Try as I might, I couldn’t get the correct orientation. After way too much banging my head against the wall, I caved and put that onto the TODO pile. That’s something I have to revisit another day.
Creatures
“Only objects? Where are the creatures, the NPCs, the people?”, I hear you ask, imaginary reader. Well, The Witcher doesn’t directly describe creatures in the area files. Instead, there are spawn points, and I think the rest is handled by the game scripts. Not something I can do now. No NPCs for now, I’m afraid.
Miscellaneous
A few bits and pieces I found out or did during this endeavour:
- I renamed the engine and namespace in xoreos from “thewitcher”/“TheWitcher” to “witcher”/“Witcher”
- I noticed that The Witcher, unlike other Aurora games, encodes all strings in UTF-8. The language IDs are also wildly different. To get these together under one big tent, I changed how xoreos handles languages and encodings
- The Witcher uses Lua scripts.

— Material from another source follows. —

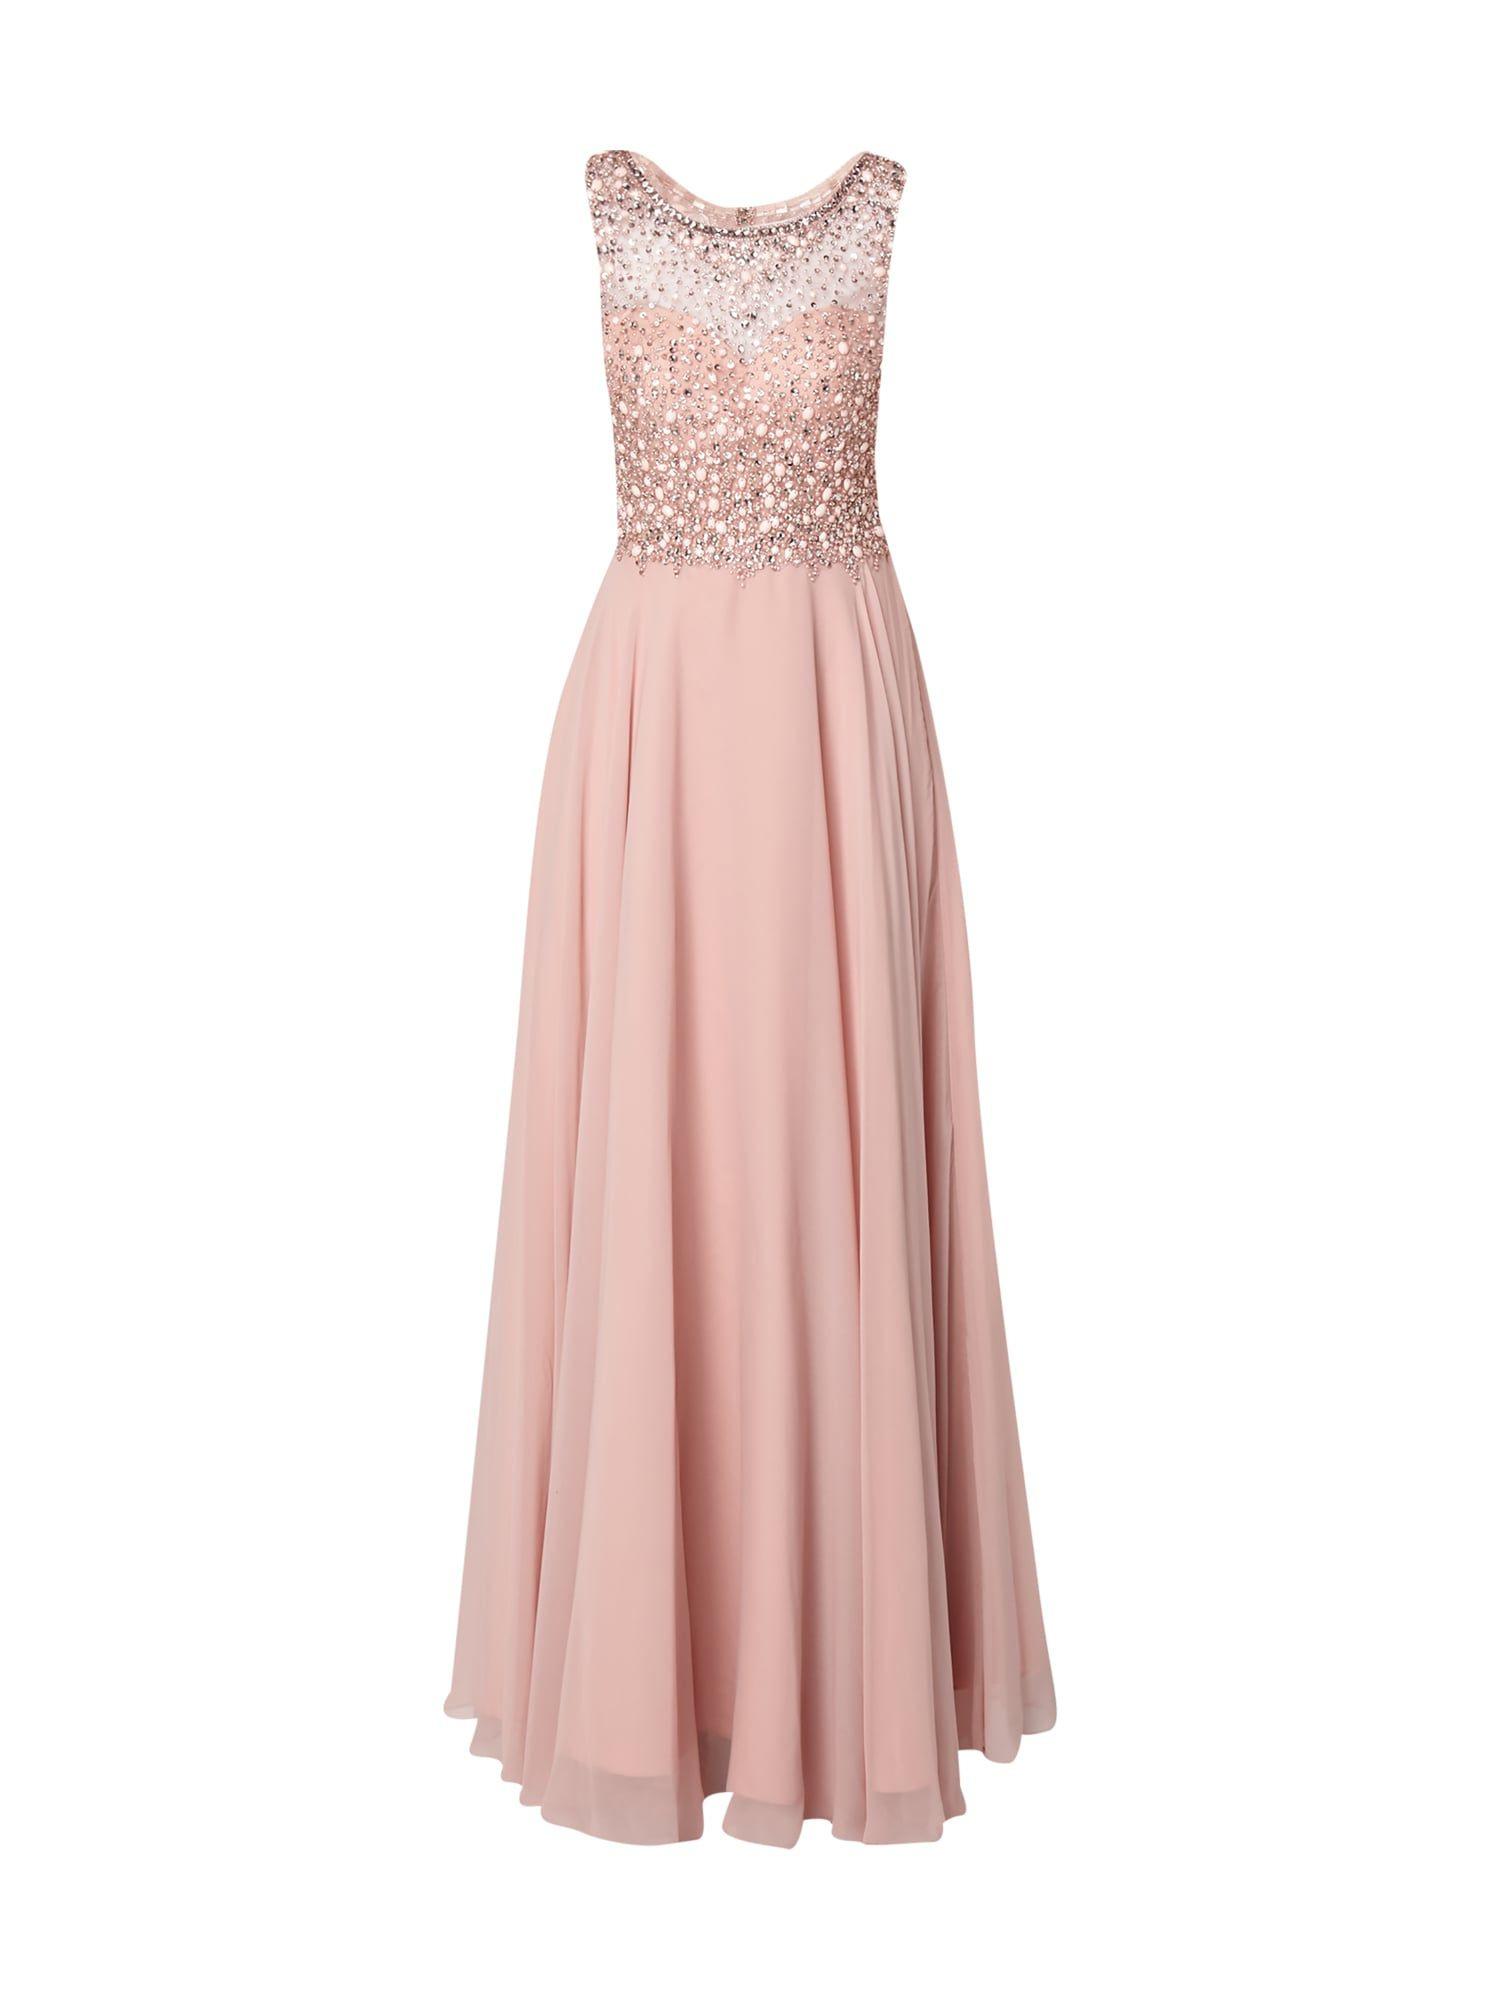 Formal Luxus Abendkleid Online Shop Galerie13 Elegant Abendkleid Online Shop Vertrieb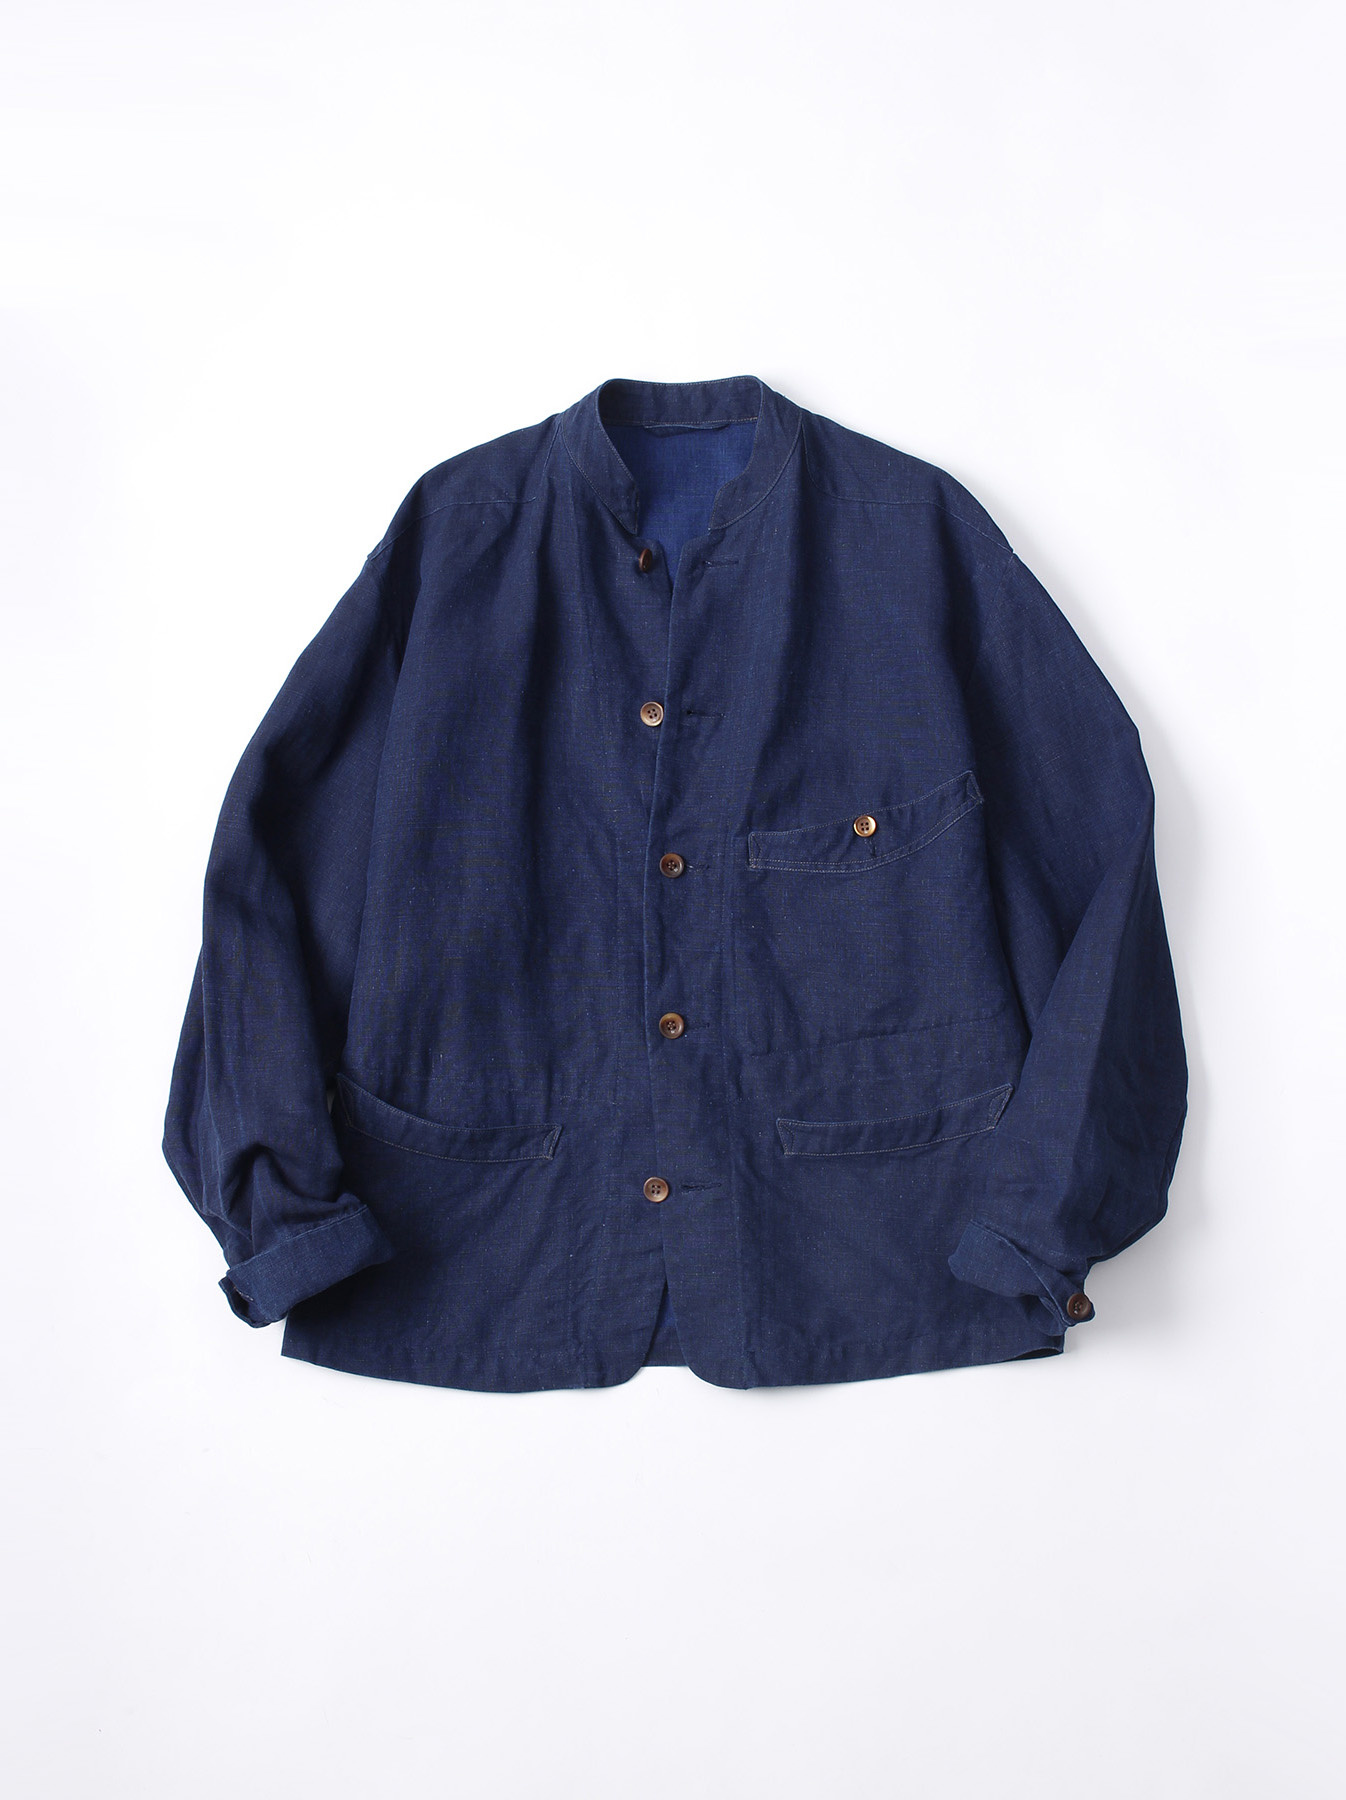 WH Indigo Linen Stand Collar Jacket-1

I already knew that previously. But what I didn’t know: it also, additionally, uses the traditional NWScript. That’ll be a lot of “fun” to reimplement…
- I found references to the LuaCOM library in the The Witcher disassembly, which provides Lua bindings for ActiveX components. I really, really, really hope that’s unused
In conclusion, area loading in The Witcher is now in a similar state to area loading in Neverwinter Nights, Neverwinter Nights 2, Knights of the Old Republic, Knights of the Old Republic II and Jade Empire. It’s not flawless, and there’s still a lot of things missing, but it’s a start. :)
What’s next? There’s three games left without area support: Dragon Age: Origins, Dragon Age 2 and Sonic Chronicles: The Dark Brotherhood. The latter is a Nintendo DS game, and is missing basic support for a lot of DS-specific file formats. In fact, I’m still not 100% sure this game even belongs in xoreos… The two Dragon Age games are somewhat further along: resource loading works and the texture format is known. They are, however, completely missing model support, as well as support for the new GFF version. Since that is at least something to go by, it’s possible I’ll tackle Dragon Age: Origins next. It could take a while until I have something worthwhile to report, though.